Jesse purses his lips; he’s suppressing a laugh there behind that downy attempt at a mustache.
“I think he’s, uh, done,” he says.
“Done?”
“Well, they sent him a, an, uh, they said he wasn’t going to pass algebra again so he has to do it in the summer if he wants to graduate.”
“OK,” you say; you feel like it’s a delicate moment: you wait to see what else Jesse has to say.
“So, I think he’s done,” he says again.
“Oh, but he—he shouldn’t just quit, there are ways—” You’re not sure what to say; you should probably be having this conversation with Gene’s parents.
Waiting to see if you’re done with your sentence, Jesse watches your face with the sort of curiosity you’d expect from a lepidopterist wondering whether a butterfly he just noticed in a familiar setting is actually new. When he realizes you’re waiting for him to answer, he says, sounding a little old for his years: “Oh, I know there are. His old man told him, ‘You have to get your diploma,’ too. I’ll tell him you asked, but—”
“You think he’s done.”
“Sorry,” says Jesse Jenkins, and you hear in his voice what it might sound like if he really felt sorry: it’s a distant echo. It is distinctly possible that you are only imagining it.
“Sorry to keep you,” you say. “Will you tell him he’s welcome in class whether he’s going to graduate or not?” You’re doing your duty: trying to give your students as much as you can give them in the time allotted to you as their teacher.

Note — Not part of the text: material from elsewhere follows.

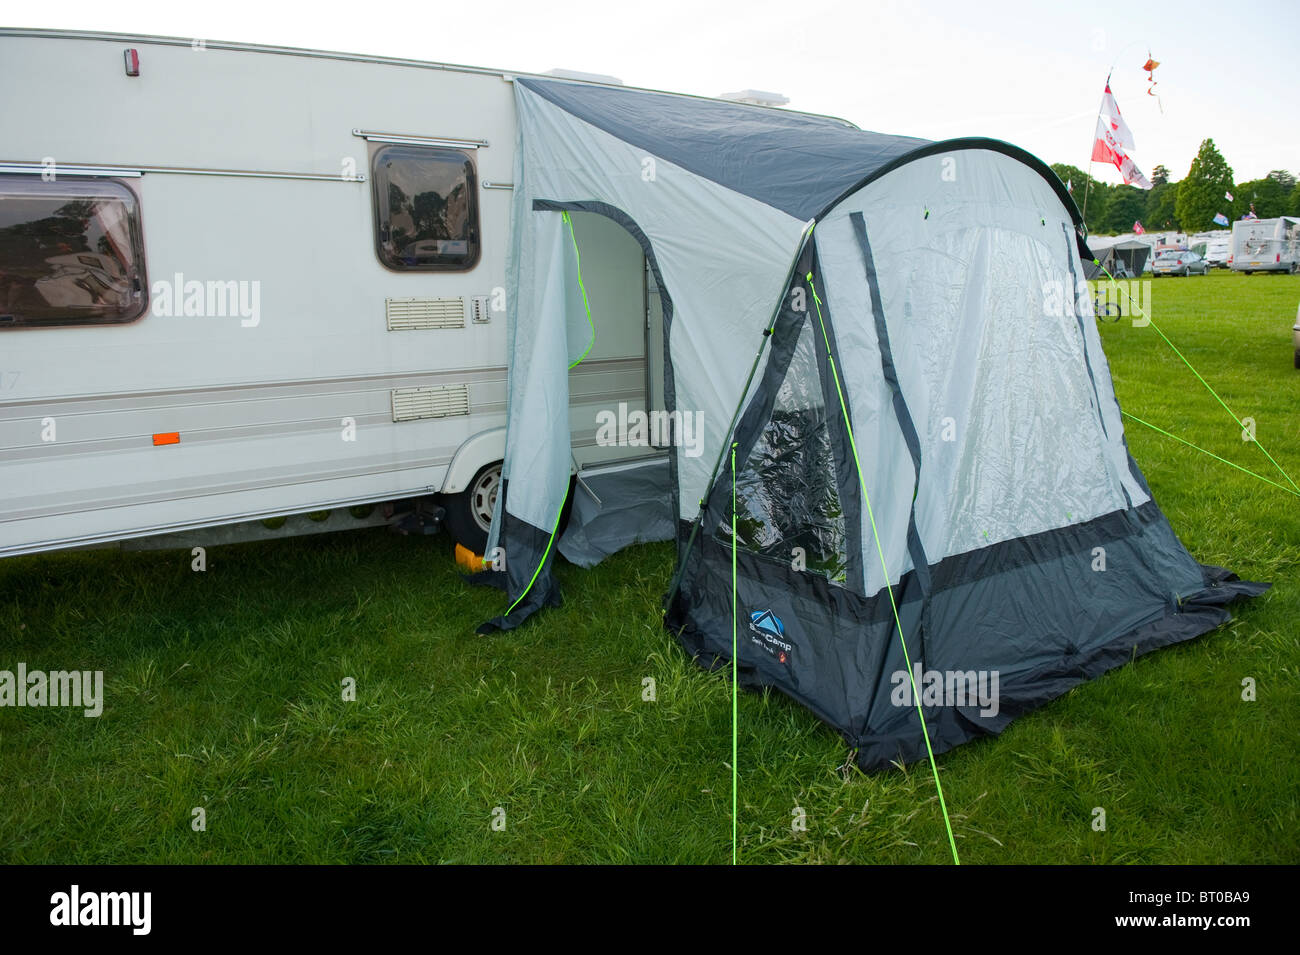 Caravan Porch Awning Attached Stock Photo Alamy

“You got it,” Jesse says, the way you might promise a child that you’re checking for monsters underneath the bed.
4.
YOU ARE SOUND ASLEEP. It’s one in the morning. In the parking lot of the Taco Bell over in San Luis Obispo, Gene and Jesse are sitting side by side in the front seat of Gene’s blue Ford Torino. Gene is too high to drive, but nobody can tell Gene anything when he’s high; Jesse hopes that the bag of tacos they’re working through will help him drive less erratically, and then maybe Jesse will mention that Miss Crane said he should come back to class, that it’s no big deal.

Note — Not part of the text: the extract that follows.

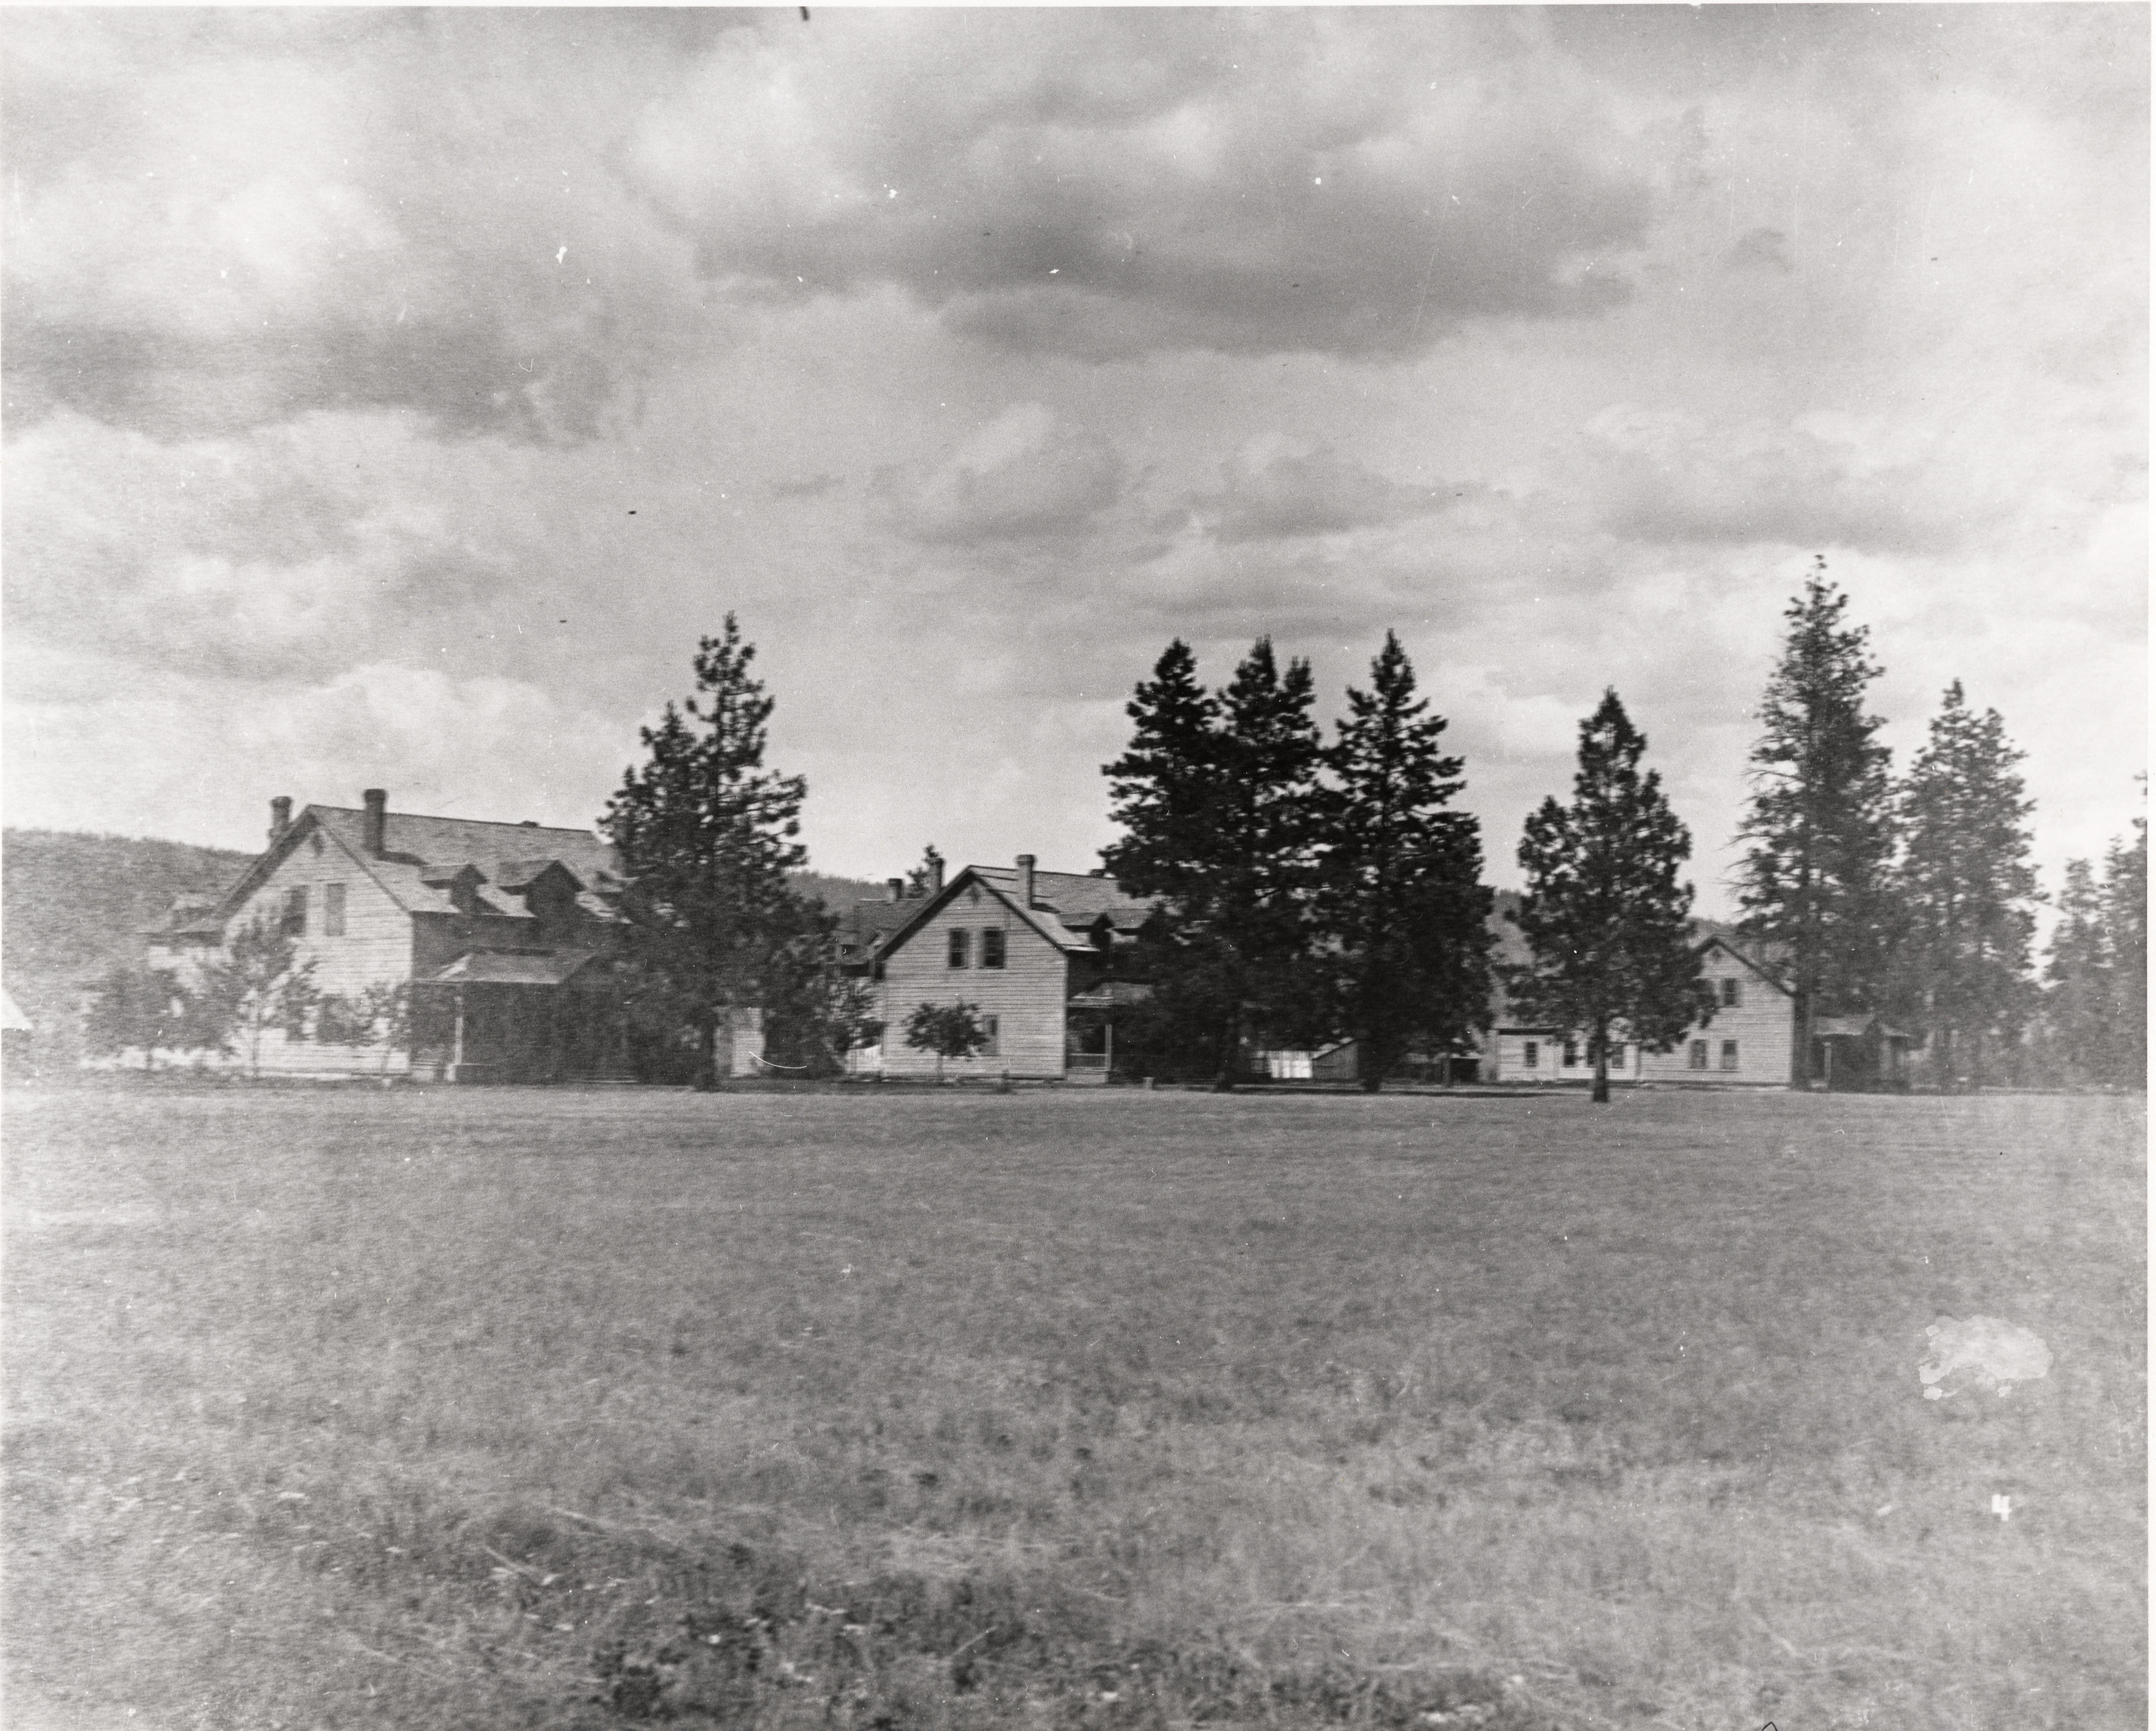 Black and white photograph of several multistory houses in a row on the edge of a clearing

Taco Bell is closed now; Gene is a cook there, and he worked closing shift tonight. About an hour ago, he turned the OPEN sign around at the window and scraped down the grill, washing the spatulas and serving spoons afterward in the tiny sink in the back. Then he went back to the line and, gloveless, assembled twelve tacos, heavy on the ground beef and light on everything else: any leftover beef he has to throw away, but the lettuce and the olives and the tomatoes and the sour cream will go back into cold storage for the night. If he hits the reserves too hard, he’s supposed to charge himself for an extra meal on his time card, so Gene’s after-work tacos consist of hours-old seasoned ground beef ladled into a hard shell and given a cursory dressing of two other things apiece, varying it from taco to taco to minimize the amount taken of each ingredient. Sour cream and olives. Tomato and lettuce. Lettuce and olives. Olives and cheese. Some of the combinations don’t really taste good at all without the other stuff that’d usually be on there, but Gene doesn’t seem to notice. In the front seat, later, a joint in one hand and a Marlboro Red in the other, he identifies each taco by whatever two-topping combination it happened to catch: “You like tomato and cheese? I got two tomato and cheese.”
Jesse is scared of Gene these days, who seems to be getting worse. He smokes so many cigarettes. It makes him look like one of those people who hang around outside the public library but never check out any books. He’s smoking right now, a sour cream and olive taco in his free hand.